You will see mention a number of times within this site about the importance of regular data backup.
To be honest, until you have experienced losing your own data you’re not going to fully appreciate just how important this is.
Seriously, the first time this happens you’re going to be so, so angry with yourself if you haven’t made provision for a data backup, and a regular one at that!
And if you’re working on some document or other that is really important to you, or perhaps for your work, then you do need to ensure that you are properly backed up.
Ok, enough of the lecturing lets investigate our data backup options.
Back Me Up
So, what data should you make sure you’re backing up?
Let’s make a list of the most likely files and folders that you should be thinking of.
- My Documents Folder
- Digital Photographs
- Email Address Book
- MP3 and Music Files
- Video Files
- Accounts Data
- Project Data or Files
- Internet Explorer Bookmarks
- Software Downloaded from the Internet
That should be enough to get you thinking – what else would you consider you would be lost without if a failure occurred with your PC?
Sorry, that should read ‘when a failure occurs’!
Before you go down the data backup route, take a little time to make sure your files are in some sort of logical order.
This will make it a lot easier to organize your backup and to know where to look for various files when you come to reinstall them if needs be after a failure or if a file becomes corrupted for instance.
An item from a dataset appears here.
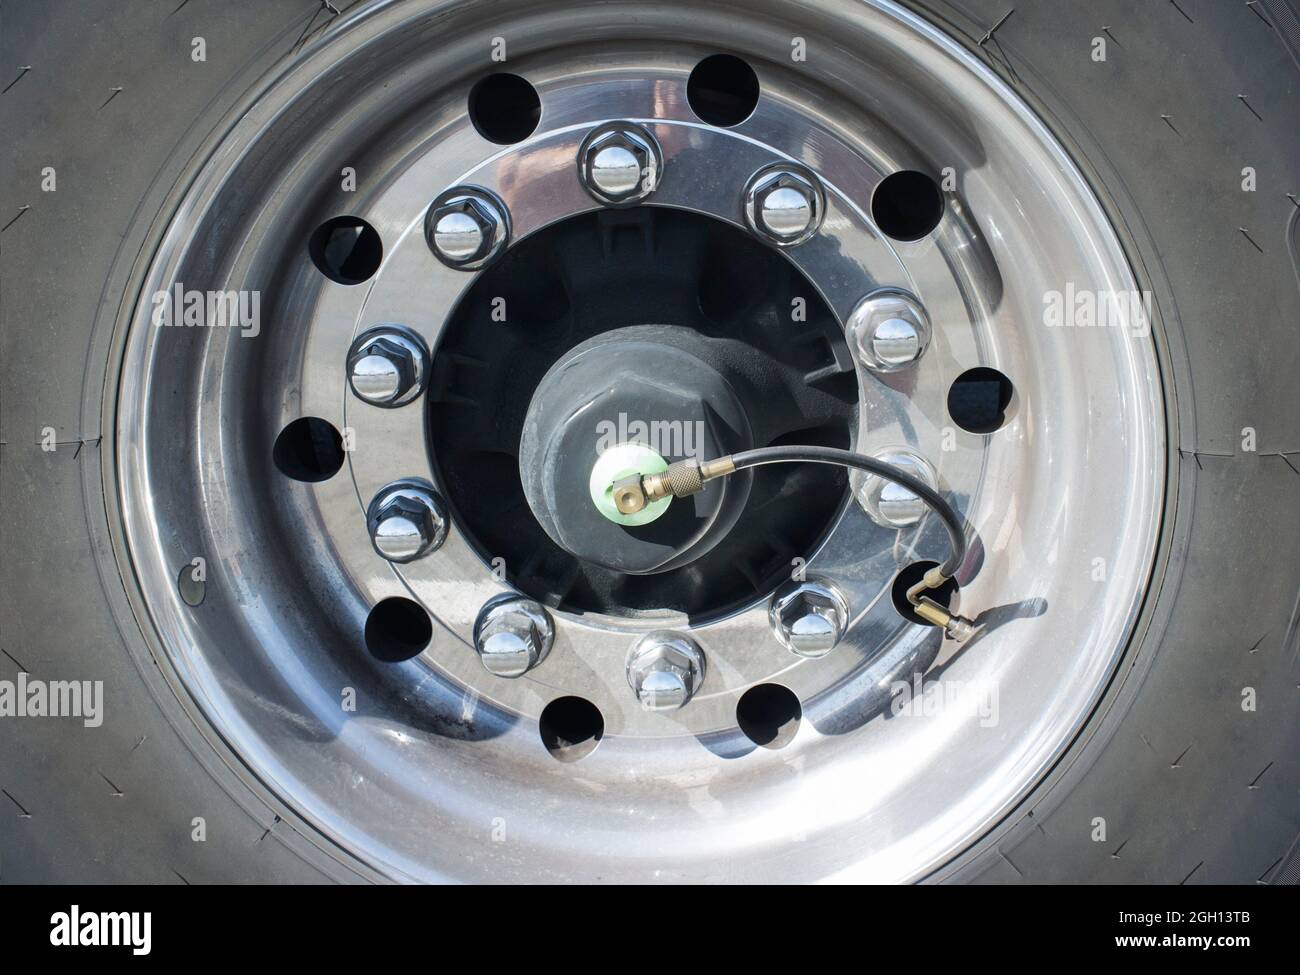 Truck wheel equipped with tire inflation system. Closeup. Stock Photo

Now, on to back up hard drive options.
You need to decide where you will be storing all you’re back up data.
Here are a few of the most common choices.
- A separate partition on your PCs hard drive, i.e. partition your PCs hard disk drive so that it has a C: and D: drive available for access. Your data and programs will all be on the C: drive partition but you will backup all your important files and folders to your D: drive partition
- A shared network drive on another PC on your network
- An external hard disk drive attached when required or permanently via a USB interface
- A RAID mirrored set of drives
- A Home Network Attached Storage Device
- A second hard disk drive within your PC for data backup
All of the above options will have their pros and cons and the most important thing for you to do, once you have decided upon which option suits you best, is to ensure that you do actually carry out a regular hard drive backup.
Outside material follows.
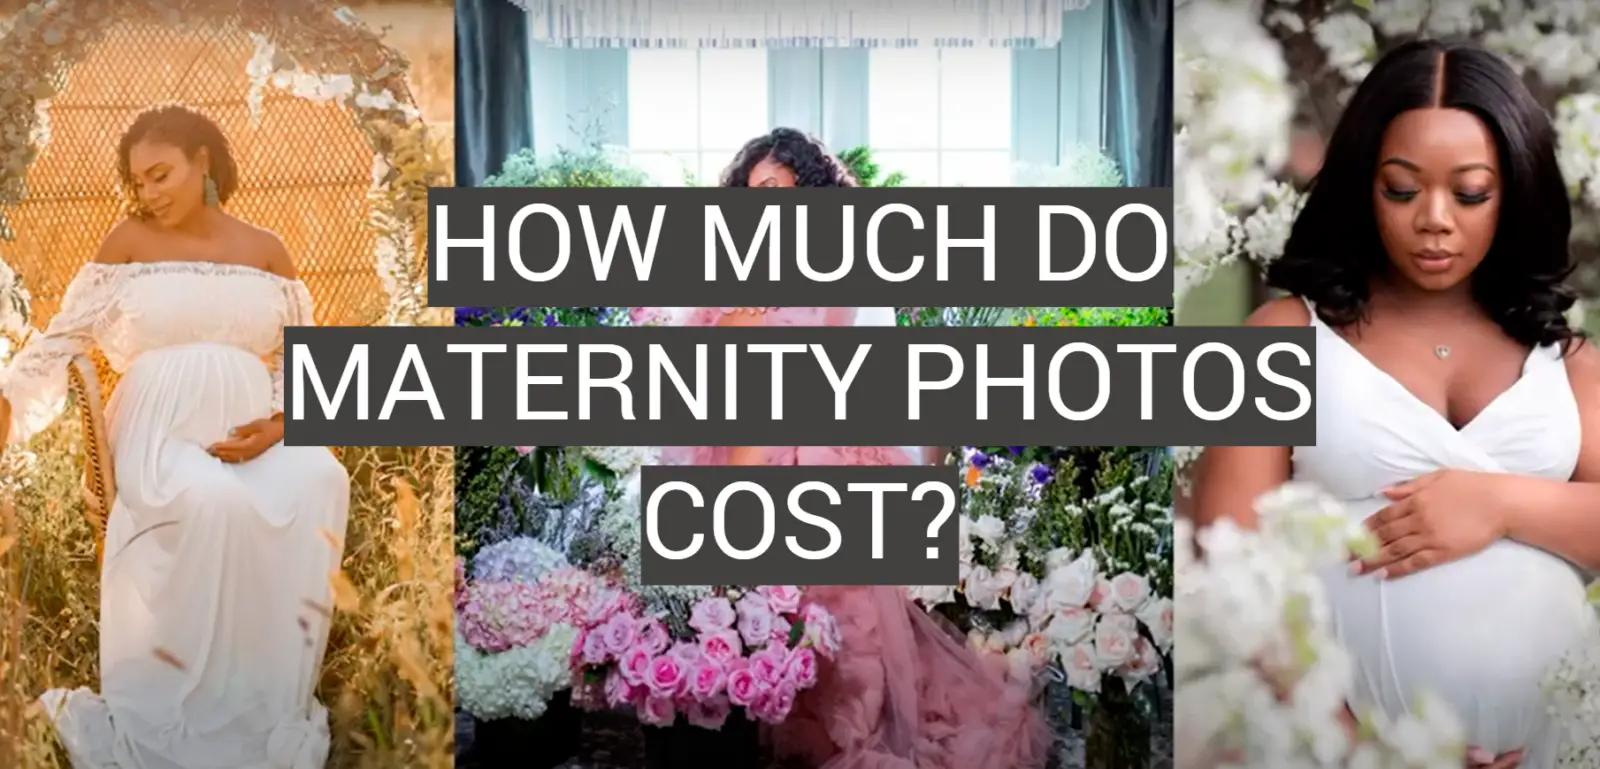 How Much Do Maternity Photos Cost?

Get organized, set aside a regular time to do this.
You can instruct Windows to do this for you or you can install a third party piece of software to organize this all for you.
We would recommend that you consider an external backup of some sort as the safest option available to you.
Backup With a Simple Touch!
Maxtor ‘OneTouch’ external hard drives offer a simple option with backup being automated to occur at a particular time of day of your choice and the facility to backup at any time using the front panel ‘OneTouch’ button.
Just written an important document and want to ensure that it’s backed up immediately?, just hit the ‘OneTouch’ button and you’re all safe and secure!
The Maxtor ‘OneTouch’ is available in various sizes depending upon your budget, from 160GB up to a massive 1TB!
The external hard drive will protect you against your primary hard drive in your PC failing and accidental deletion of files.
It is still susceptible though to power surges and system viruses or Trojan horses etc.
This leads us to the next option – read on for our recommended 'bells and whistles' backup plan.
Why would you want to go down the online data backup route rather than organizing your own backup?
Well, probably the best and most important reason you might choose to do this is the assurance that you won’t lose your important data due to any potential mishap with your PC or hardware backup facility that you may have set up at home.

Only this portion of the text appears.